Just to add more color and examples to what given in @Tyler Durden's answer which opened the door for me to find more information.
A Latin Grammar for the Use of Schools(p.368) by Johan Nikolai Madvig:
§ 418. Sometimes the gerund is employed less accurately, so as to have the appearance of a passive signification, inasmuch as it either (especially in the genitive) merely designates the action of the verb in general, and so takes the place of a substantive (e. g. movendi for motūs), or is referred in idea to some other agent than the grammatical subject of the proposition: Multa vera videntur neque tamen habent insignem et propriam percipiendi notam (Cic. Acad. II. 31), mark by which they can be known. Antonius, hostis judicatus, Italia cesserat; spes restituendi nulla erat (Corn. Att. 9), =restitutionis or fore, ut restitueretur. Jugurtha ad imperandum Tisidium vocabatur (Sall. Jug. 62), that he might receive orders. Annulus in digito subtertenuatur habendo (Lucr. I. 313), by our wearing it. (Facilis ad intelligendum; see §. 412, Obs. 3.)

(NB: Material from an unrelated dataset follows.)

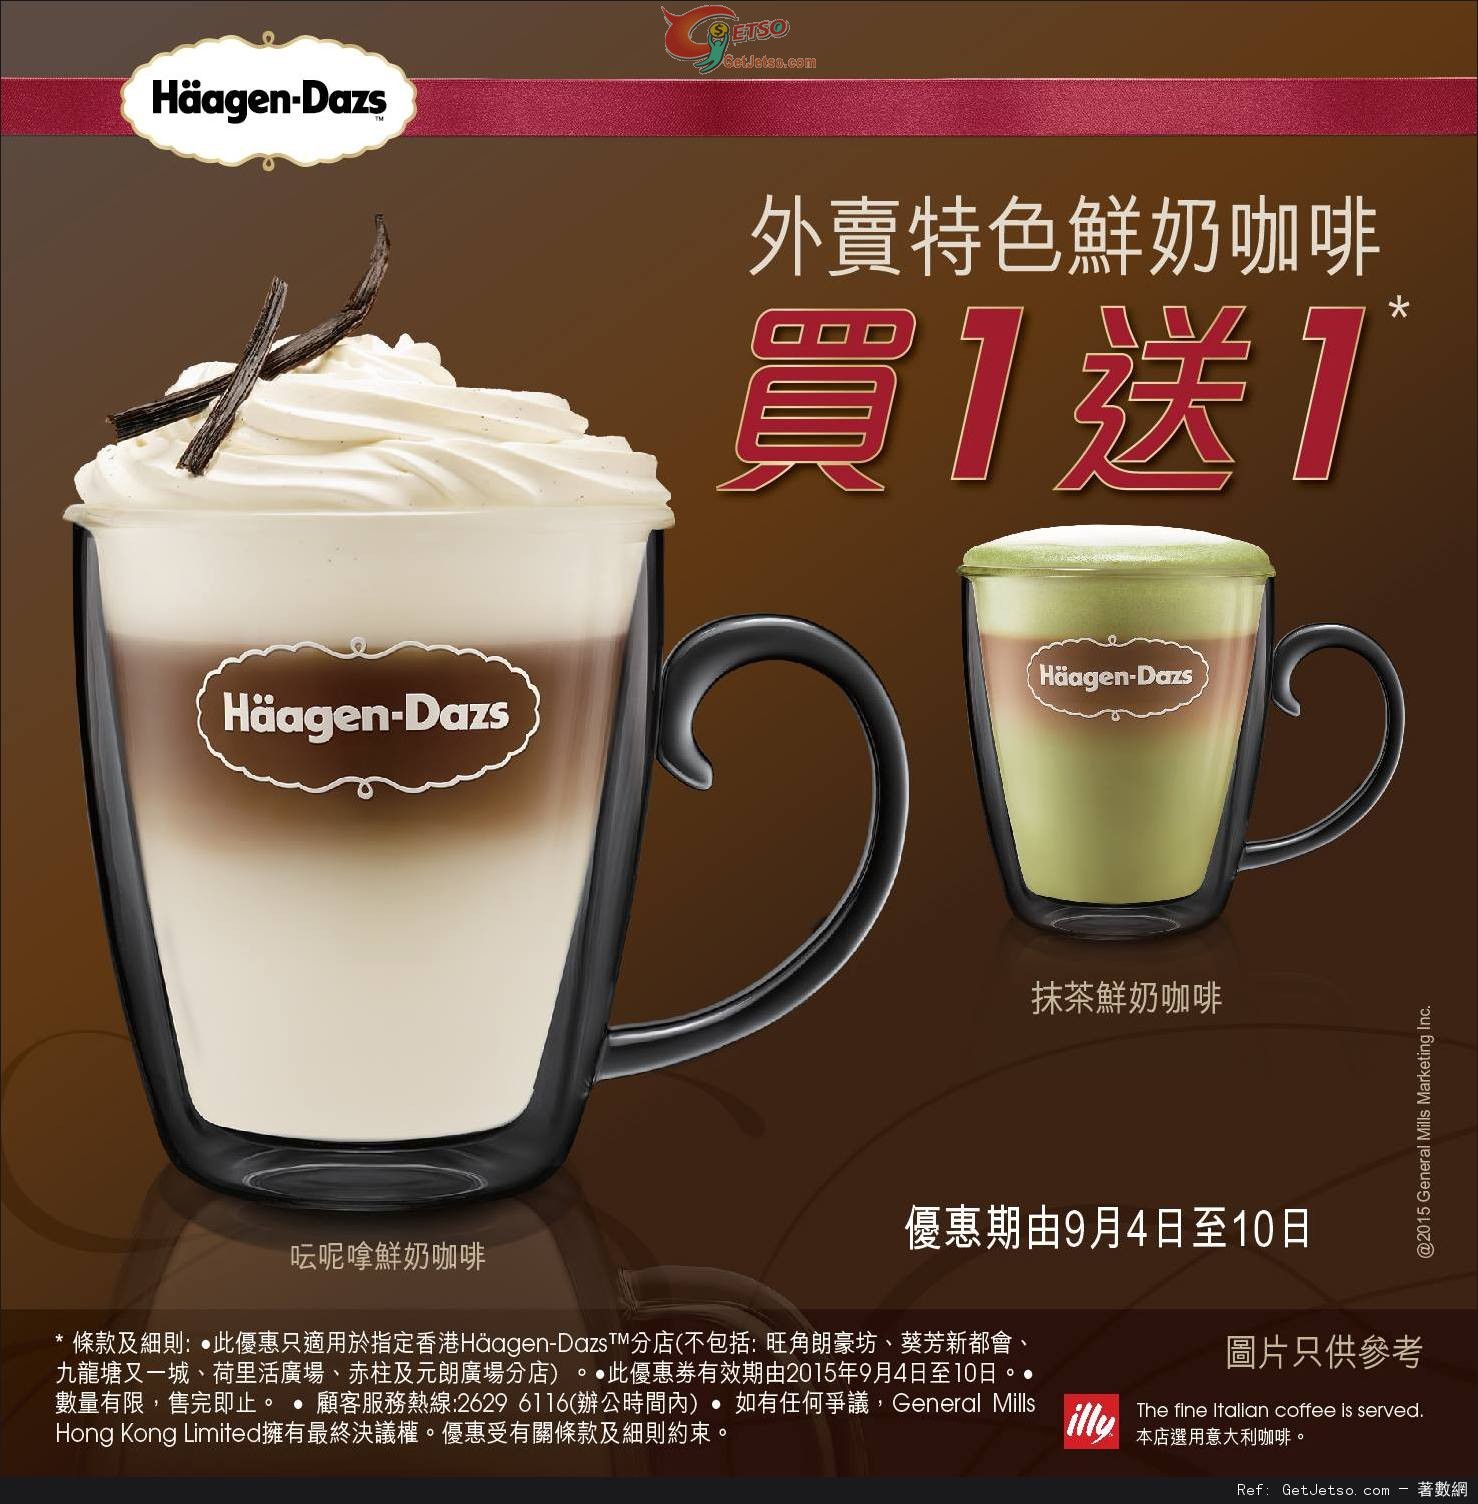 Häagen-Dazs 外賣特色鮮奶咖啡買1送1優惠(至15年9月10日)圖片1

The idea, though controversial, seems to be that this is "less accurate" usage and it is not a normal usage. Here (p.182 57) is how Bellum Jugurthinum interprets the above note in his own note on ad imperandum:
Some grammarians unnecessarily consider the gerund used passively here. Madvig,
§ 418, says, Sometimes the gerund is employed less accurately so as to have the appearance of a passive signification.
There is a discussion of this issue by Benjamin Hall Kennedy, where he brings out more examples:
Crescendi causa haec frequentia convenit (Cic.)
Ceteris, quae moventur, hoc principum est movendi (Sall.)
Alitur vitium vivitque tegendo (Virg.)
Finally, in "An Advanced Latin Syntax" (1919) By A. L. Francis, H. F. Tatum has a concise summary of gerund in p.66
- The Gerund usually expresses an action of the main subject, as vires acquirit eundo Virg. Aen. iv. 175: but sometimes it is impersonal, as nomen ipsum carendi Cic. Tusc. i 36 87. Sometimes the object of the gerund is the same as the subject of the verb, so that the gerund appears to be passive: as alitur vitium vivitque tegendo Virg. Geo. iii 454: lentescit habendo ii 250: cantando rumpitur anguis Ec. 8 72: ante domandum ingentes tollunt animos Geo. iii 206. Or the gerund and verb have the same object and not same subject: pueros excercendi causa producere Liv. v 27 2
To summarize: We have examples of the gerund used passively, though they are few in number. Grammarians, for a reason I could not understand, prefer to call it "appears to be passive" where I never see them condemn the regular case as "appears to be active"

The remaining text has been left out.